RL - Introduction

18 Mar 2019

들어가며

이 시리즈는 OpenAI 에서 나온 spinning up 에 소개된 key papers 를 중심으로 최근 RL 에서 연구되고 있는 여러 분야들을 알아봅니다. 논문을 디테일하고 엄밀하게 살펴보기보다는 각 논문에서 제안하는 핵심적인 아이디어들을 직관적으로 설명하는 것에 중점을 두었습니다. 논문에 따라 디테일한 부분이나 이론적인 부분을 조금 자세히 설명하는 경우도 있지만, 모든 디테일들이 궁금하다면 논문을 함께 참조하기 바랍니다.

이후의 내용들은 편의상 평어로 작성되었습니다.

Overview

taxonomy OpenAI spinning up 의 RL 알고리즘 분류

모든 분류가 그렇듯이 RL 알고리즘도 위와 같은 트리 구조로 분류하기에는 어려움이 있다. 전체적인 분류 형태를 참조만 하도록 하자.

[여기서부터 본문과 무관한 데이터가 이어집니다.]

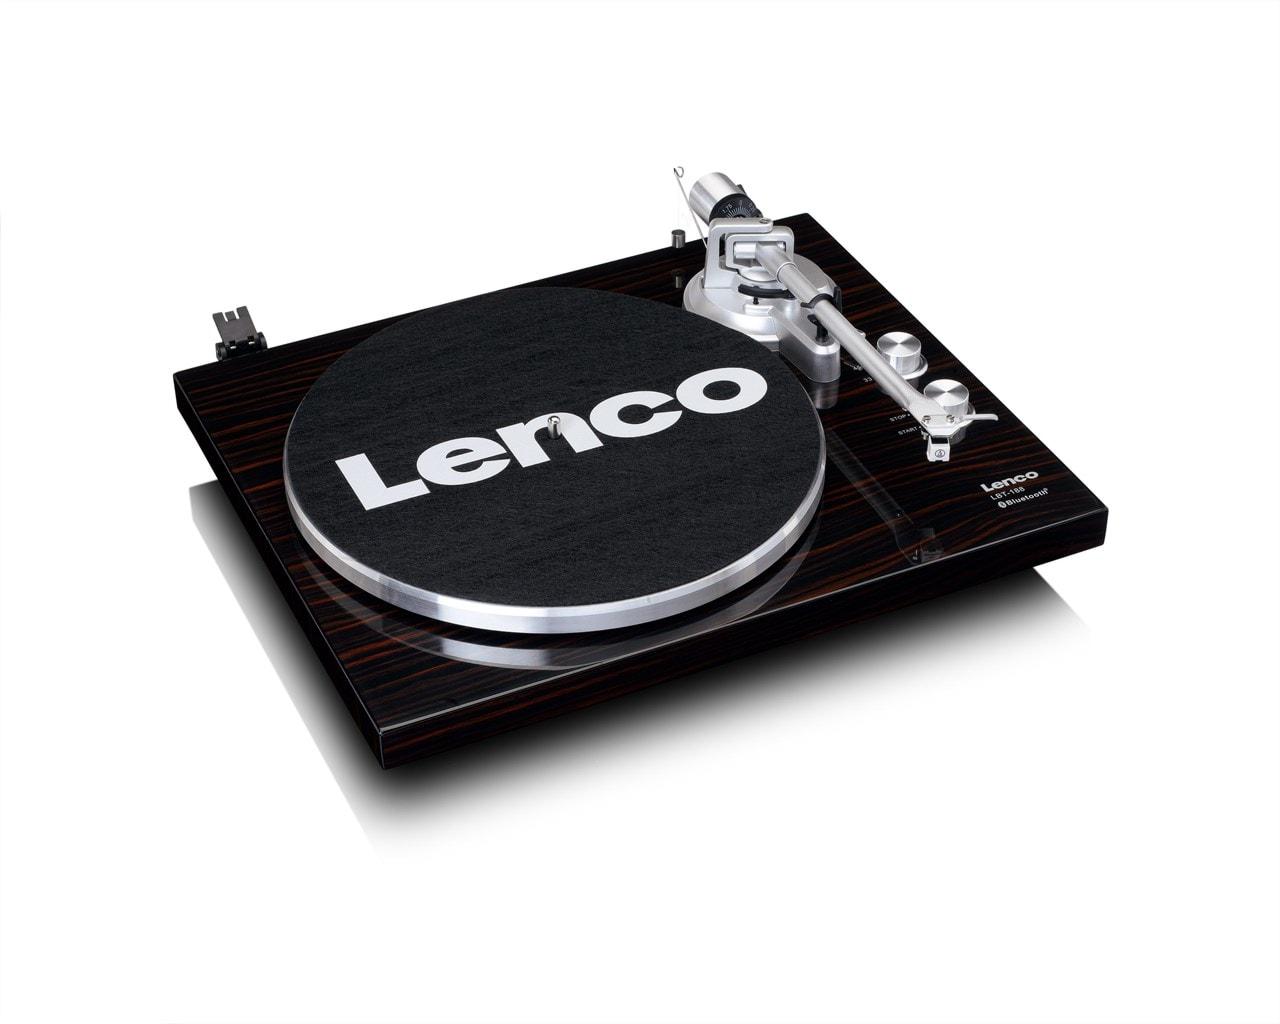 Lenco LBT-188 Walnut Bluetooth Turntable - 4

Spinning up 에서 소개하고 있는 모든 key papers 를 여기서 다루는 것은 아니며, 반대로 여기에서 소개하는 논문이 key papers 에 없는 경우도 있다. 이 시리즈에서 다룰 논문들은 다음과 같다:

참고)

아래 논문 리스트 및 순서는 확정된 것이 아니며, 작성 과정에서 수정될 수 있음
일부 2번씩 등장하는 논문들이 있는데, 추후 해당 섹션까지 글이 작성될 때 분류를 재조정할 예정인 논문들임

Deep Q-learning
- DQN (Deep Q-Networks)
- DDQN (Double DQN)
- Dueling DQN
- PER (Priortized Experience Replay)
- C51
- NoisyNet
- Rainbow
Policy Gradients
- REINFORCE
- Actor-Critic
- Off-policy Actor-Critic
- A3C (Asynchronous Advantage Actor-Critic)
- GAE (Generalized Advantages Estimation)
- NPG (Natural Policy Gradient)
- TRPO (Trust Region Policy Optimization)
- PPO (Proximal Policy Optimization)
Deterministic Policy Gradients
- DPG (Deterministic Policy Gradients)
- DDPG (Deep DPG)
- TD3 (Twin Delayed DDPG)
Entropy Regularization
- SAC (Soft Actor-Critic)
- TAC (Tsallis Actor-Critic)
Path-Consistency Learning
- PCL (Path Consistency Learning)
Intrinsic Motivation
- CTS-based Pseudocounts
- ICM (Intrinsic Curiosity Module)
- RND (Random Network Distillation)
Hierarchical RL
- FuN (Feudal Networks)
- HIRO (Hierarchical RL with Off-policy correction)
- STRAW (Strategic Attentive Writer)
Transfer and Multitask RL
- HER (Hindsight Experience Replay)
- PathNet
Meta-RL
- RL^2
- SNAIL (Simple Neural Attentive Learner)
- MAML (Model-Agnostic Meta-Learning)
from Demonstration
- DDPGfD (DDPG from Demonstration)
- DQfD (Deep Q-learning from Demonstration)
- Overcoming Exploration with Demonstrations
- Learning from Youtube
Model-based RL
- I2A (Imagination-Augmented Agents)
- World models
- AGZ (AlphaGo Zero) / AZ (Alpha Zero) / EXIT (Expert Iteration)
Scaling RL
- A3C (Asynchronous Advantage Actor-Critic)
- IMPALA (Importance Weighted Actor-Learner Architecture)
- Ape-X
IRL
- GAIL (Generative Adversarial Imitation Learning)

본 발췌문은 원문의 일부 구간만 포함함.